American composer, pianist, and teacher (c. 1890–1945)

Lady Viola Kinney (December 27, 1891 – September 25, 1945) was an American composer, pianist and teacher who was active during the first half of the twentieth century. Her piano piece Mother's Sacrifice was published in 1909 and recorded by Albany Records in 2005.

==Life==

Born Lady Viola Kinney in Sedalia, Missouri, she was one of the five children of Patrick and Lillian Kinney. Her father was a cook and her mother worked in the shops of the Missouri Pacific Railroad. Kinney studied music at Western University, a historically black college in Quindaro, Kansas, where she participated in the harmony class and the choral society under the tutorship of Robert G. Jackson, Director of the music department.
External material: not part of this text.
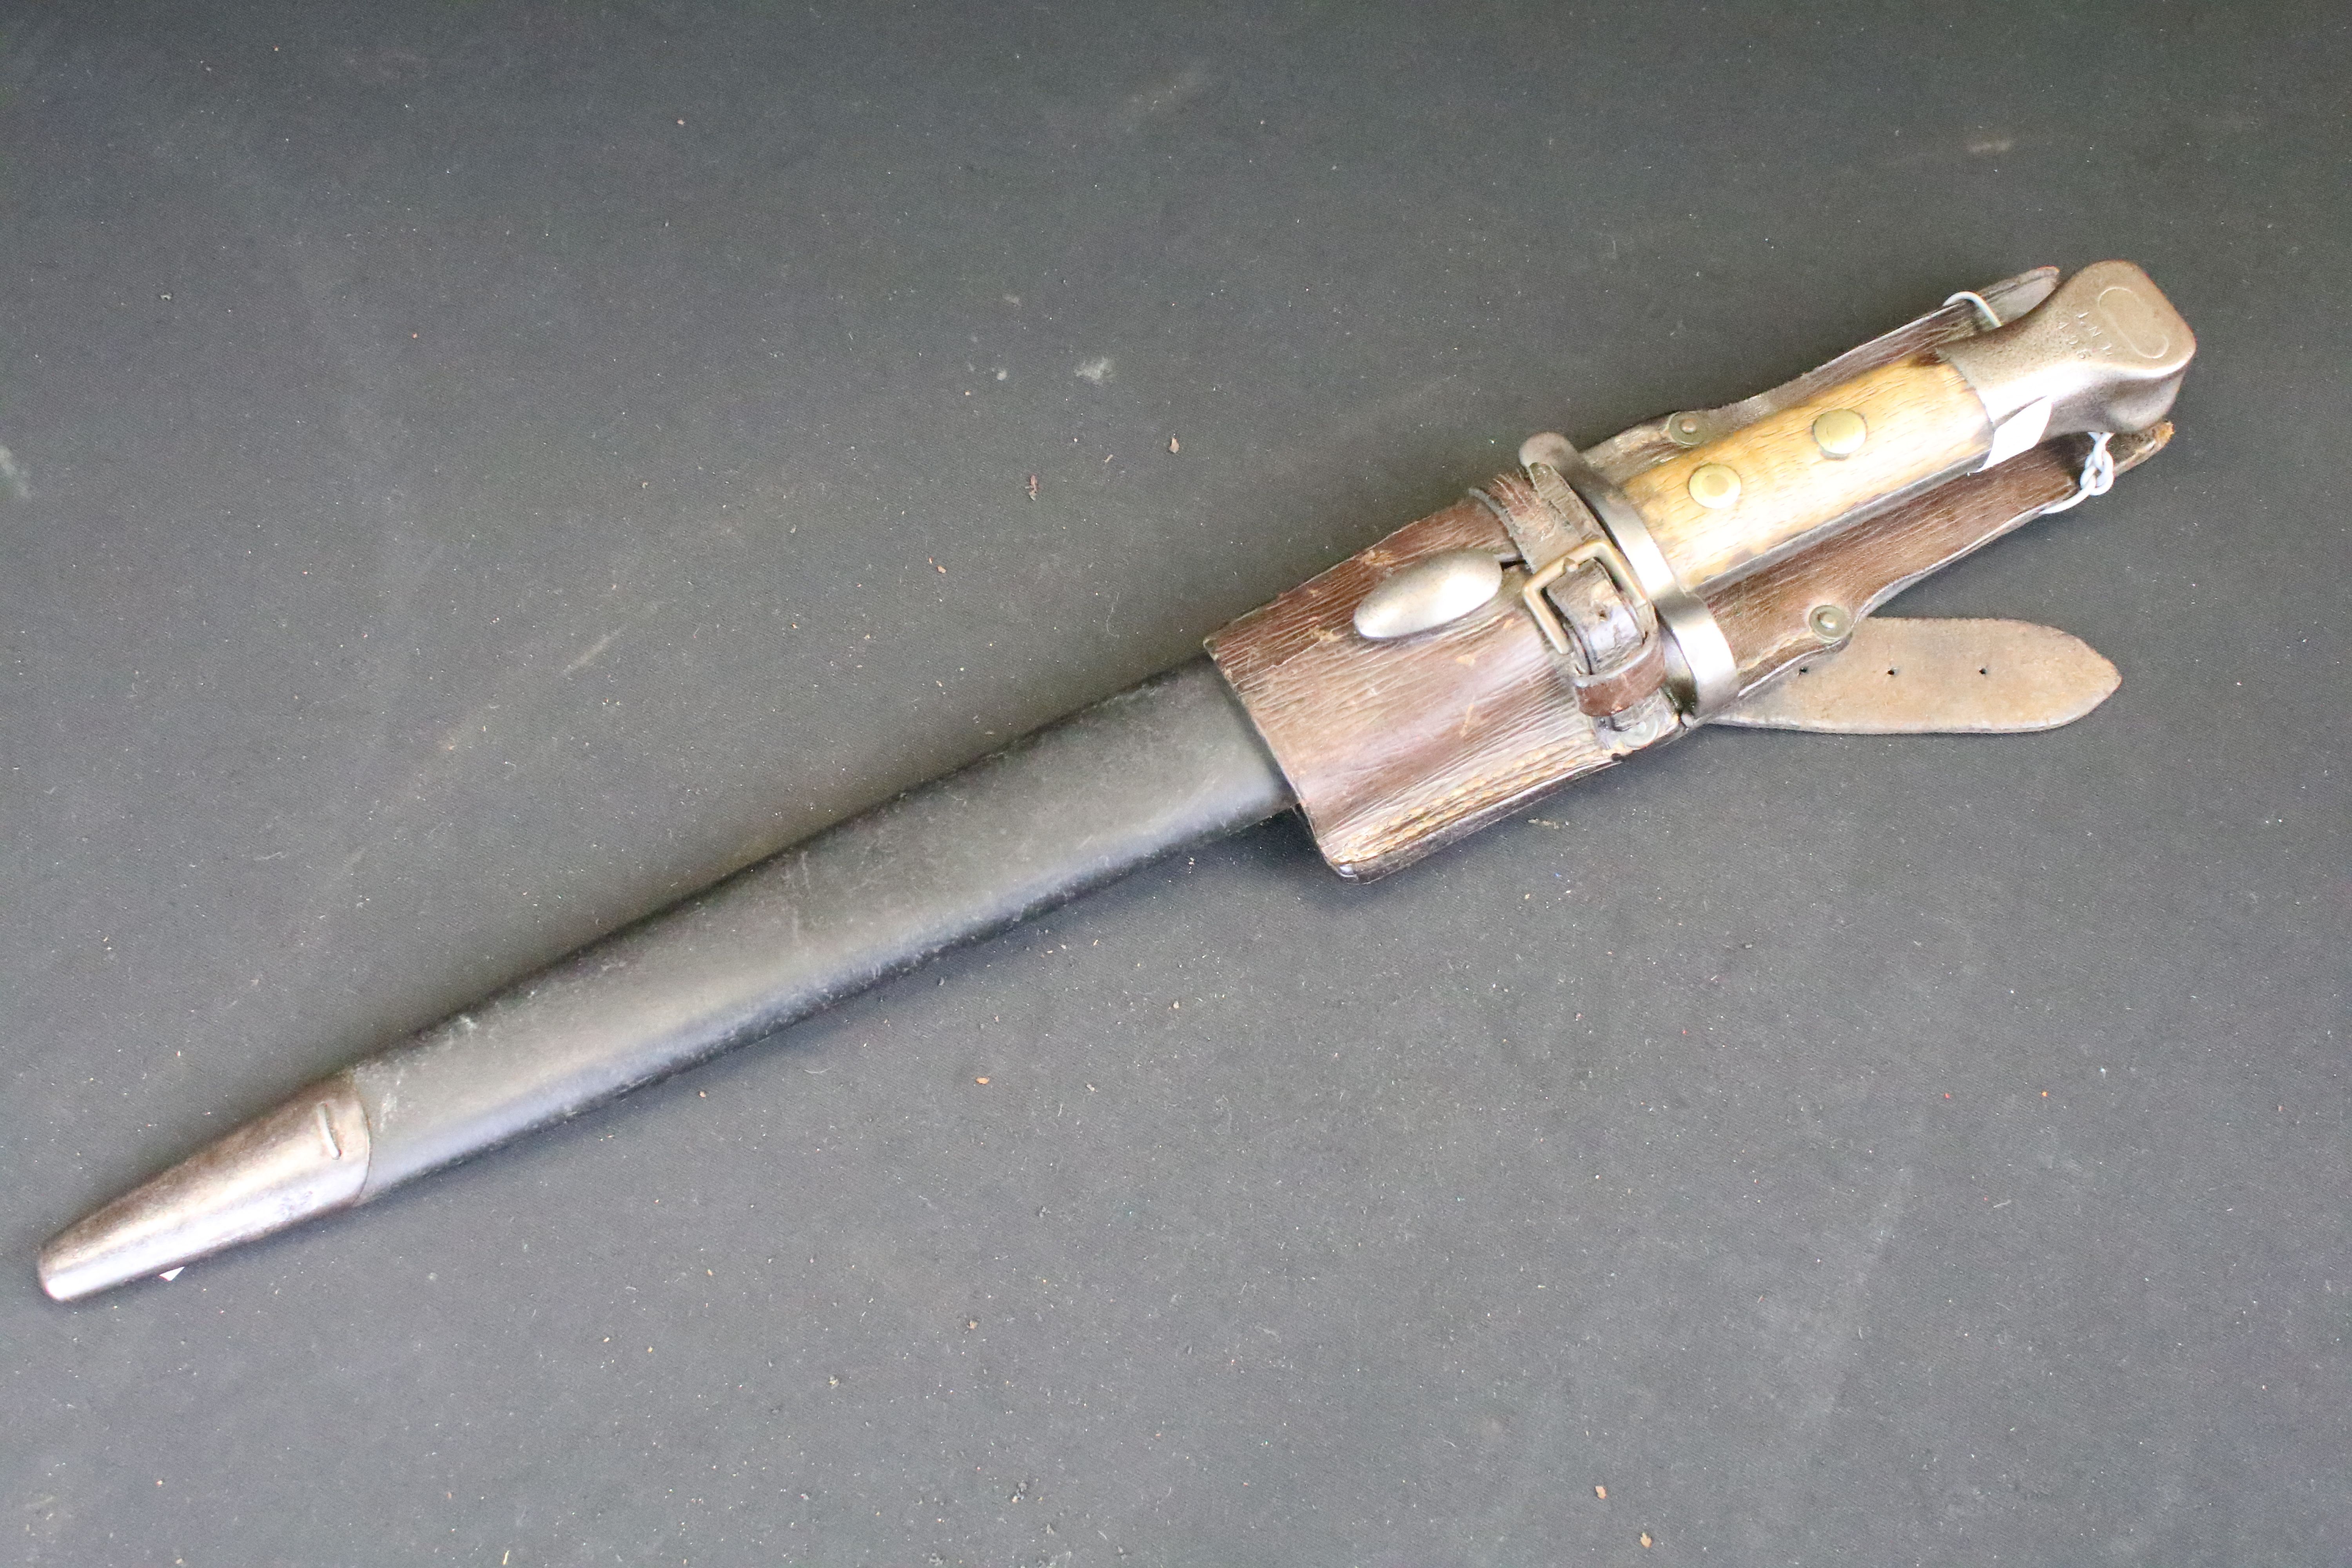 A Victorian Lee Metford bayonet, nice clear markings to the blade, complete with scabbard and frog. - Image 5 of 5

After she completed her college education she moved back to Sedalia where in 1911 she began a 35-year career as a teacher of music and English at the segregated secondary school, Lincoln High School. She became head of the school's music department and also gave piano recitals in Sedalia and surrounding towns. She had married Frederick Ferguson, an undertaker in 1918, but the couple separated in 1925. After the separation Kinney lived in her widowed mother's house and later reverted to her maiden name.
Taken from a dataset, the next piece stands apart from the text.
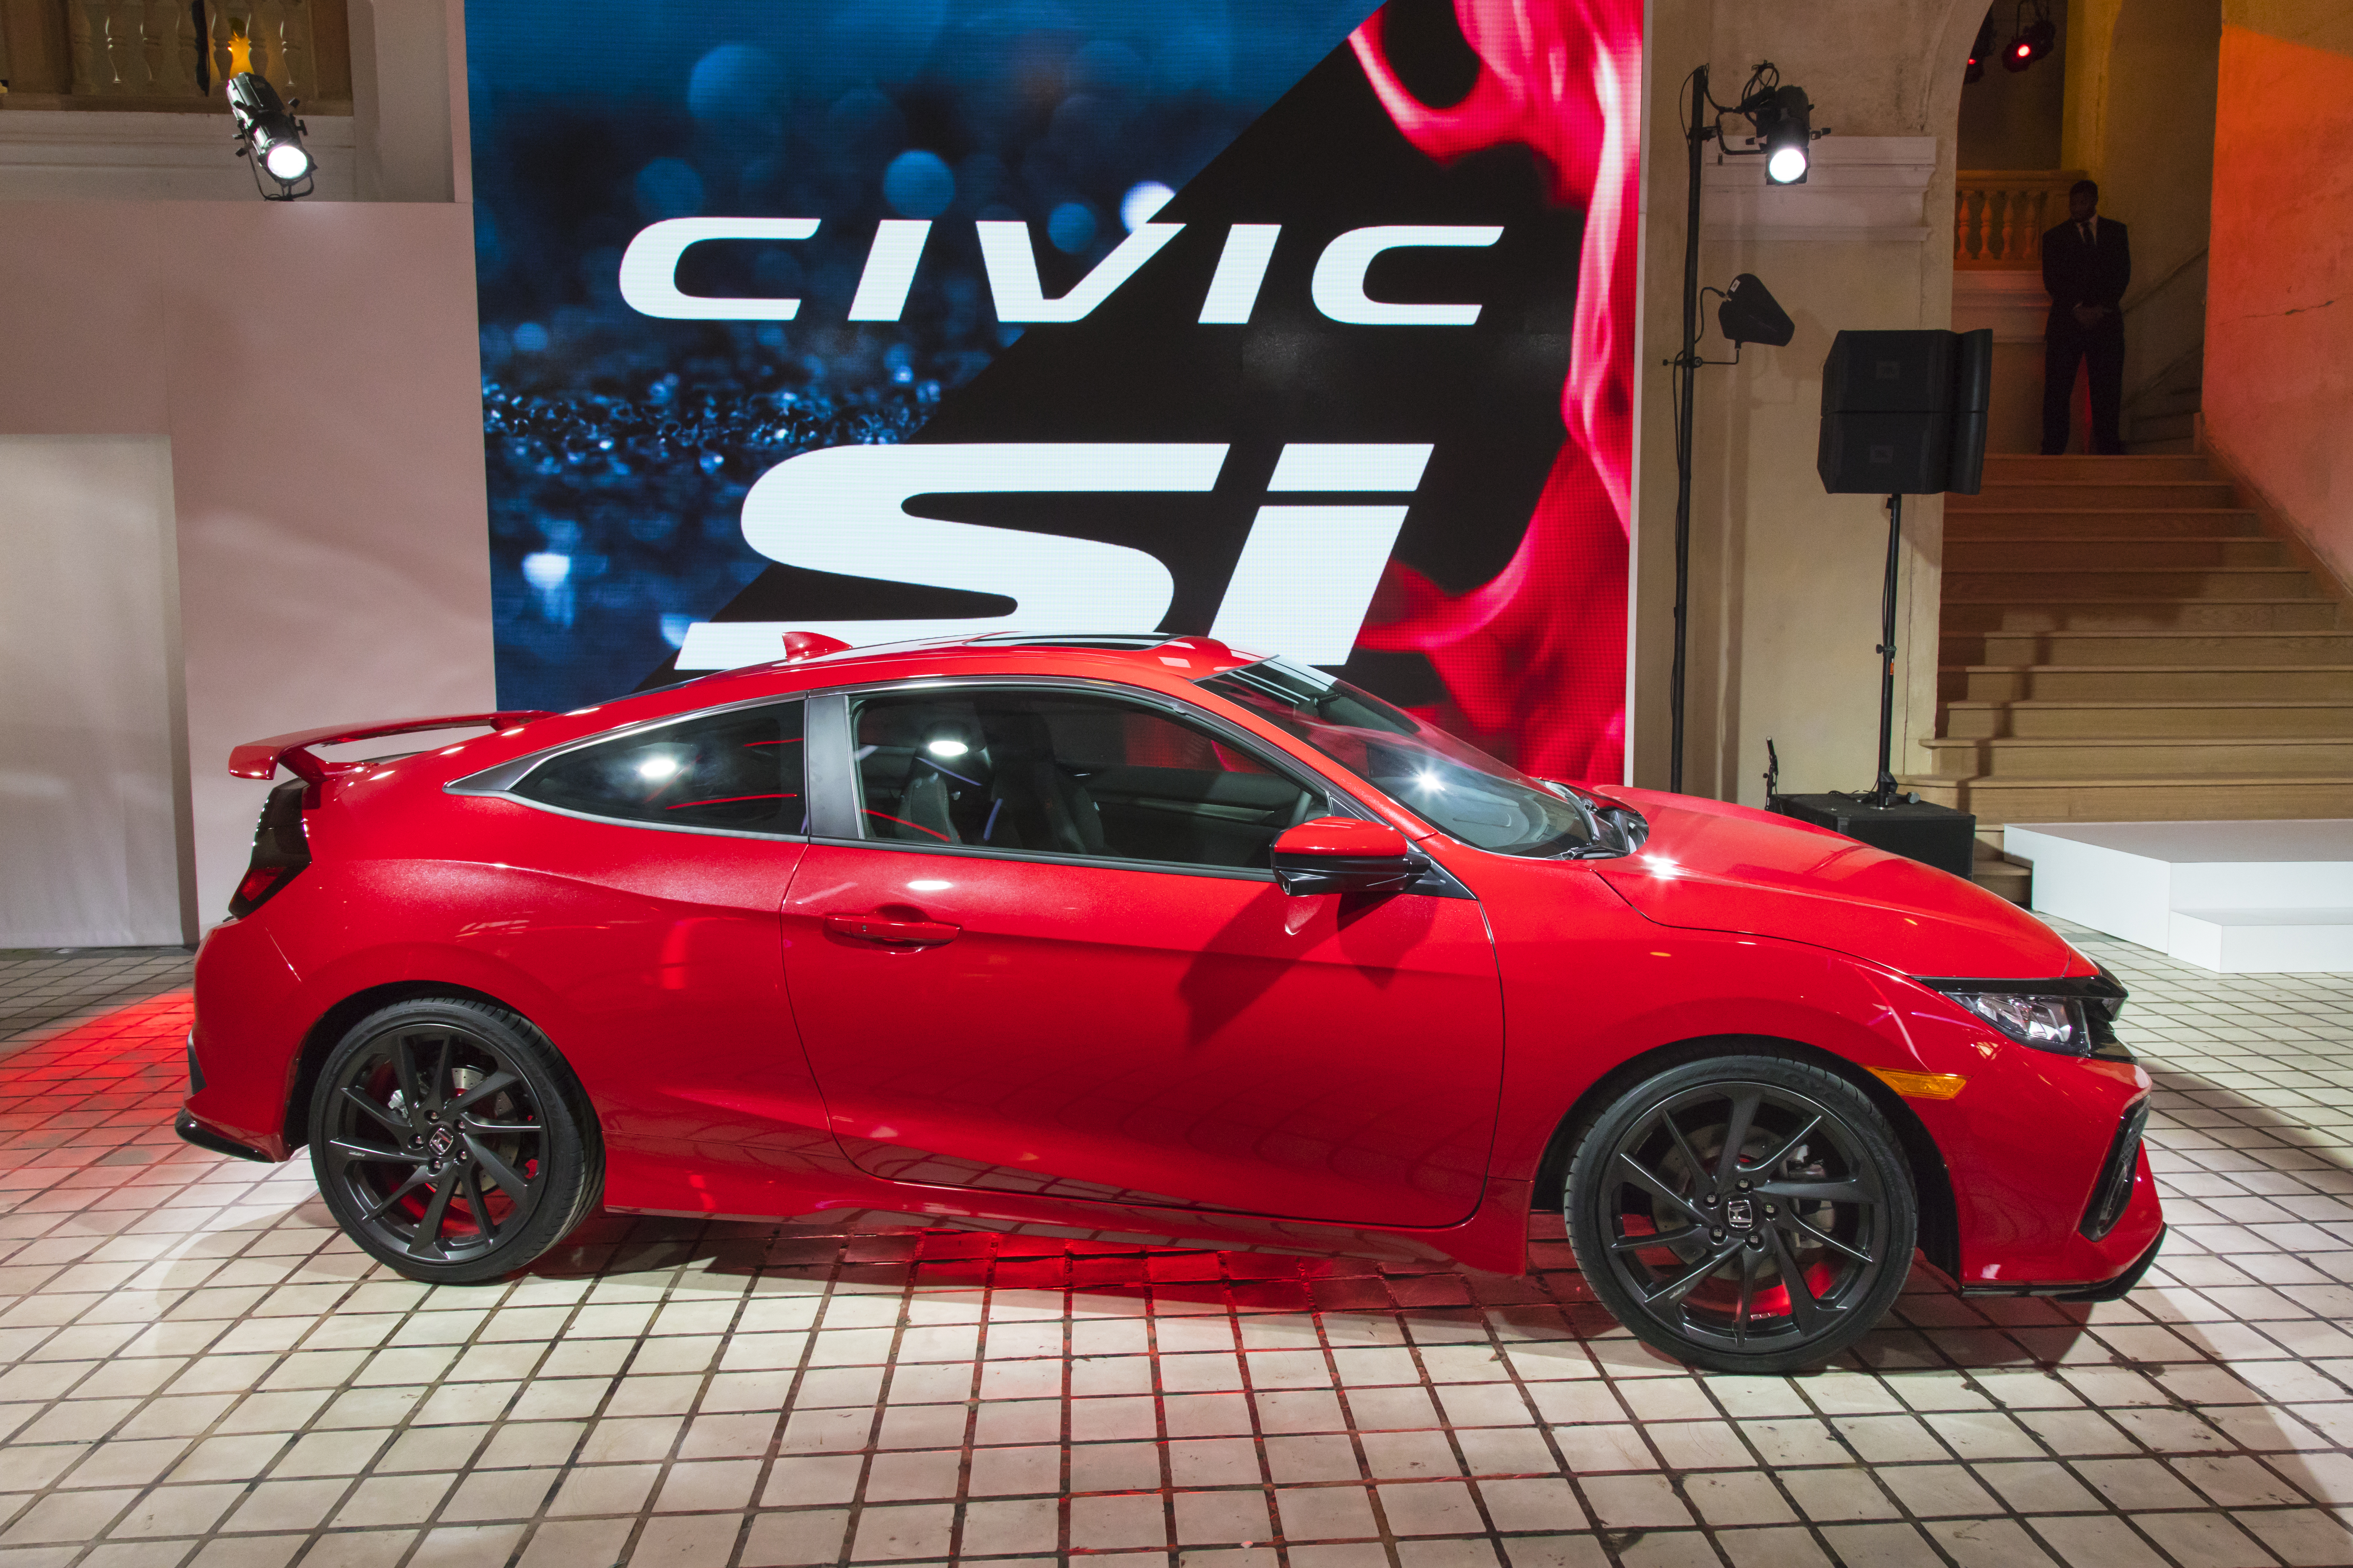 The Civic Si Prototype is revealed in Los Angeles on November 15, 2016.

Kinney died in 1945 and was initially buried in Crown Hill Cemetery in Sedalia.

Her composition for solo piano, Mother's Sacrifice, is the only score that has been found, although she registered the copyrights for at least two other compositions: Show Me, set to a text by Fredericka Douglass Perry (Note: Fredericka Douglass Perry (1872–1943) was the granddaughter of Frederick Douglass and a pioneer of child welfare work in Kansas City, Missouri.) (1941) and Time Out for Love (1943).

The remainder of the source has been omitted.